- Aim of the task
Transcribe, word for word, every line from the one containing "Kinder spielen auf dem Schulgelände vektor" through the final line of the records, and omit the pictures.

Recorded data:
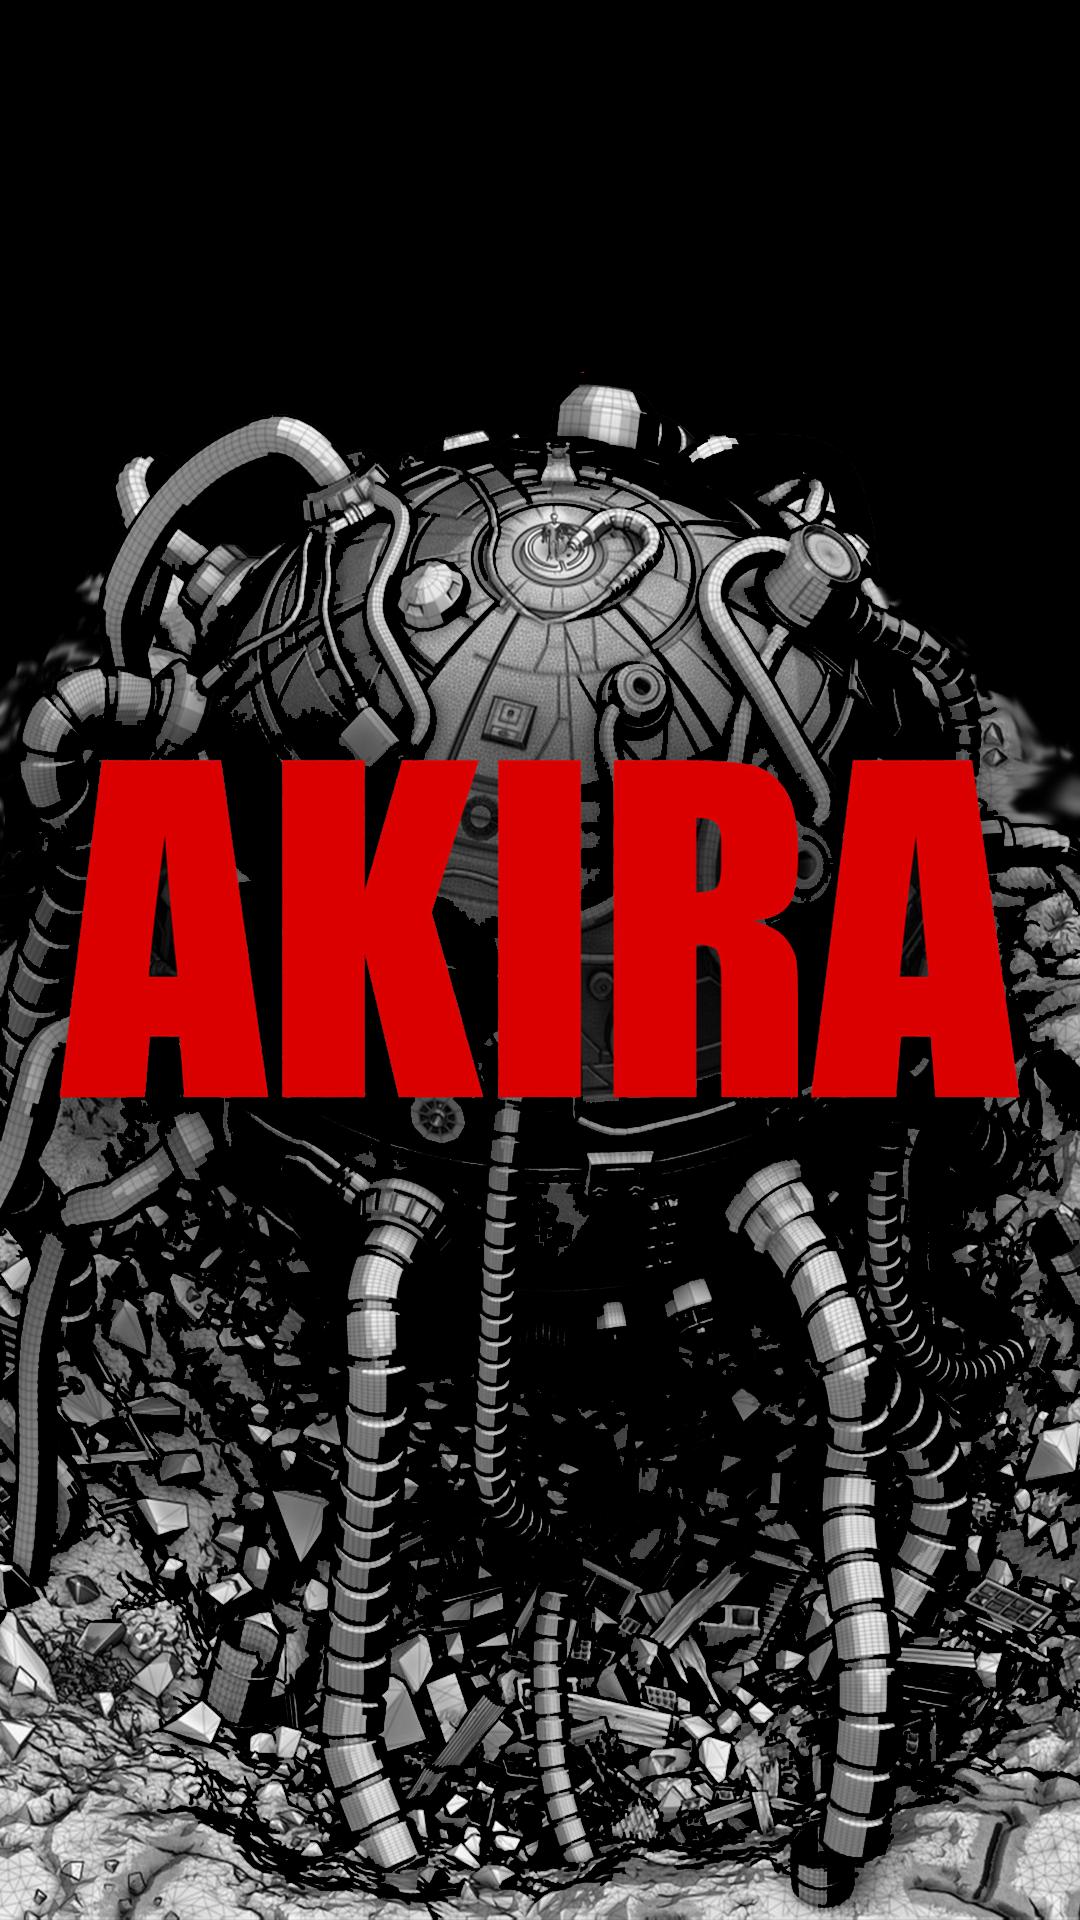 20 Akira Mobile Wallpapers Heroscreen
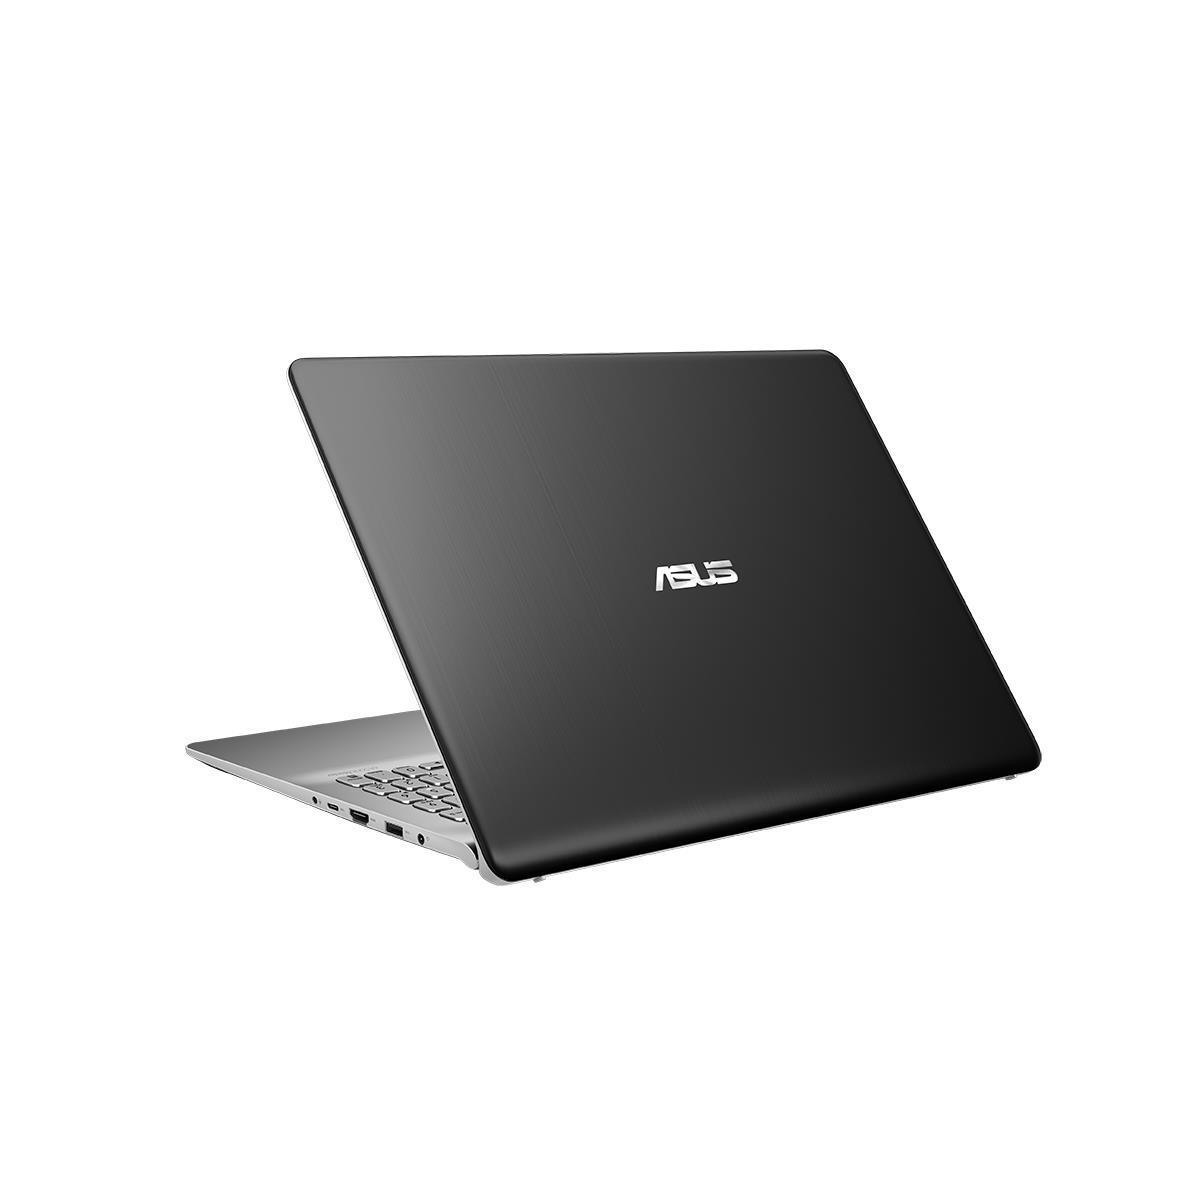 Nešiojamas kompiuteris Asus VivoBook S15 S530UA-BQ019T / 15,6
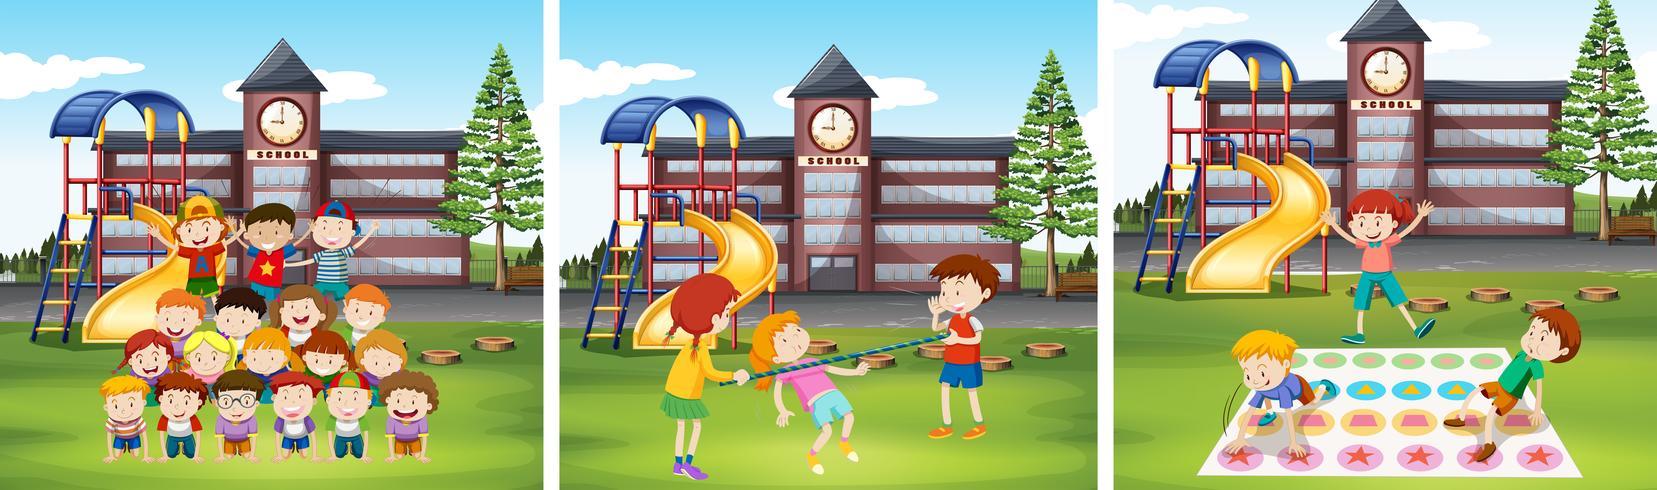 Kinder spielen auf dem Schulgelände vektor
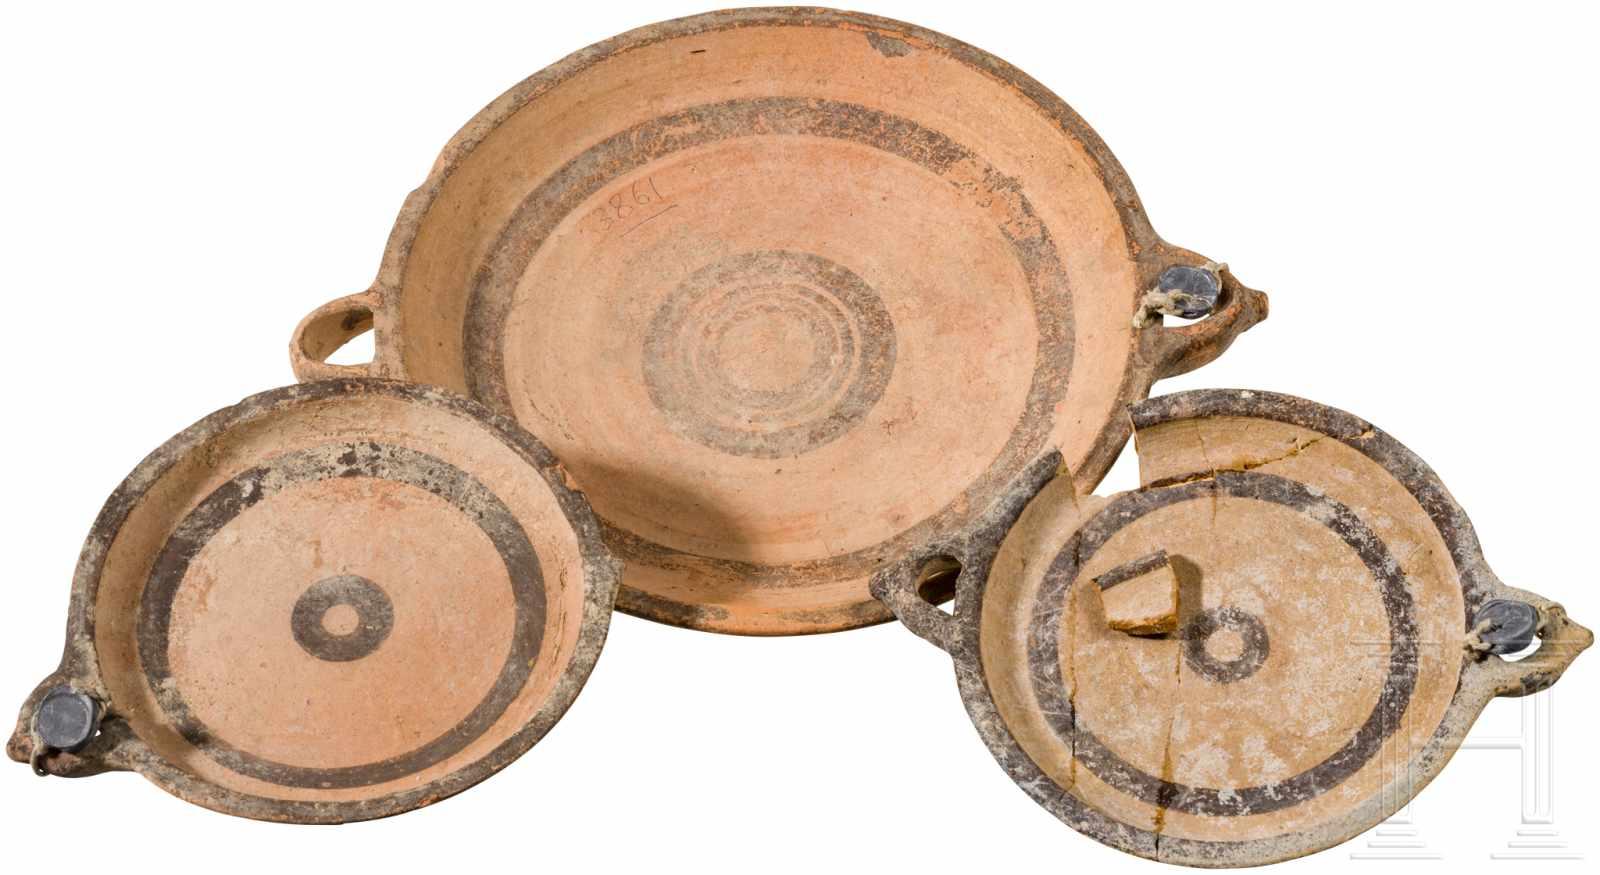 Lot 1641 - Drei Teller, zyprisch-geometrisch I, 1050 - 950 v. Chr.Ein großer und zwei kleine scheibengedrehte
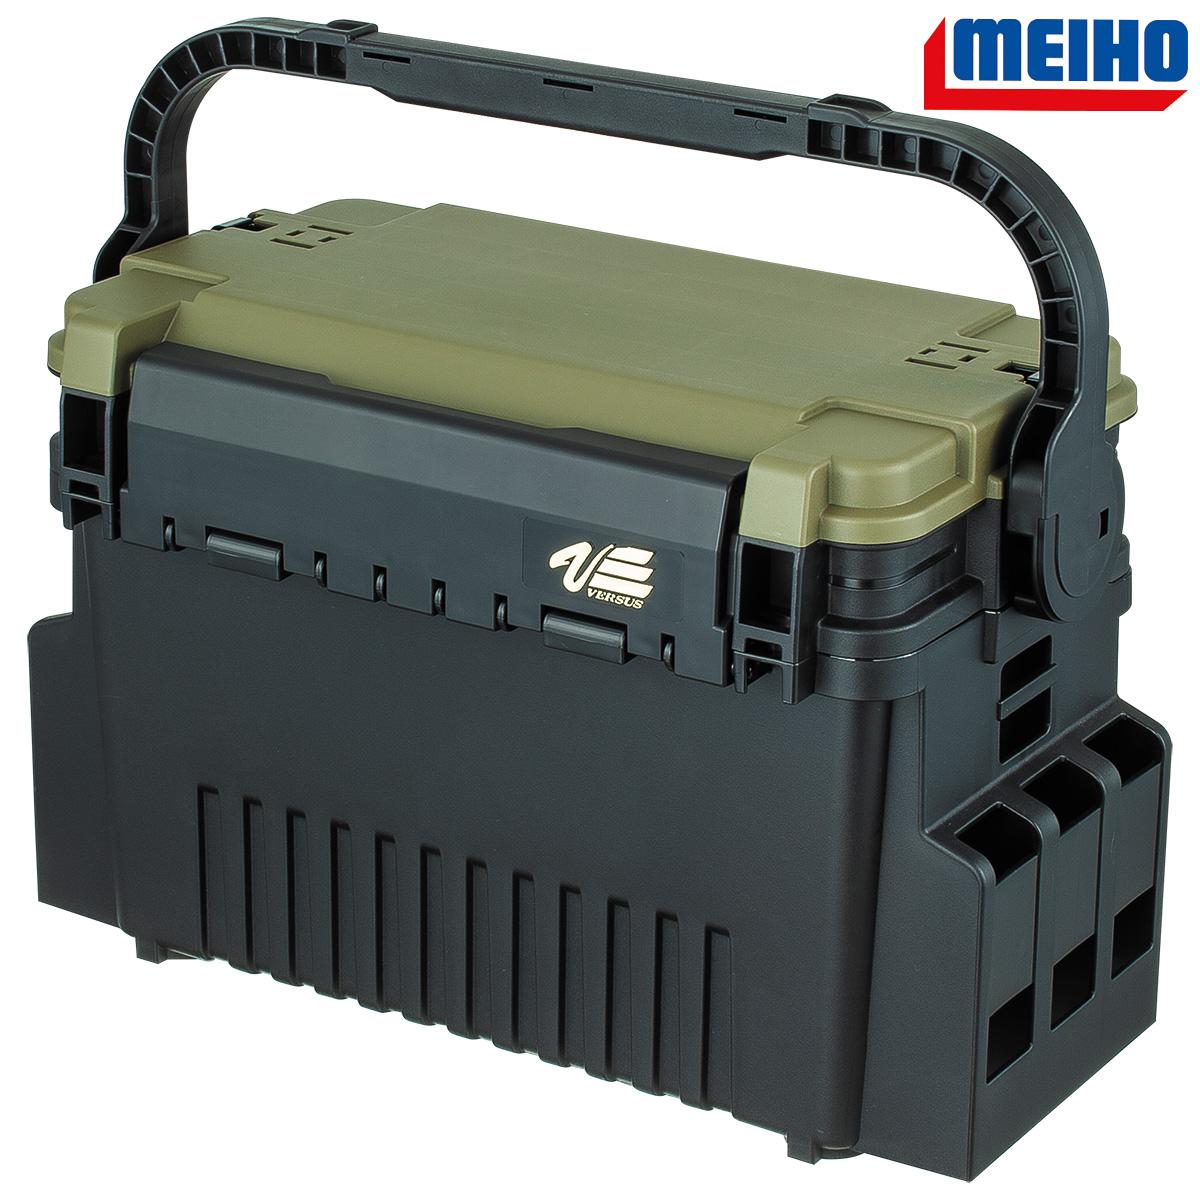 MEIHO Versus VS-7070N mit Handle Stopper Angelkiste

- Completed exercise
 Kinder spielen auf dem Schulgelände vektor
 Lot 1641 - Drei Teller, zyprisch-geometrisch I, 1050 - 950 v. Chr.Ein großer und zwei kleine scheibengedrehte
 MEIHO Versus VS-7070N mit Handle Stopper Angelkiste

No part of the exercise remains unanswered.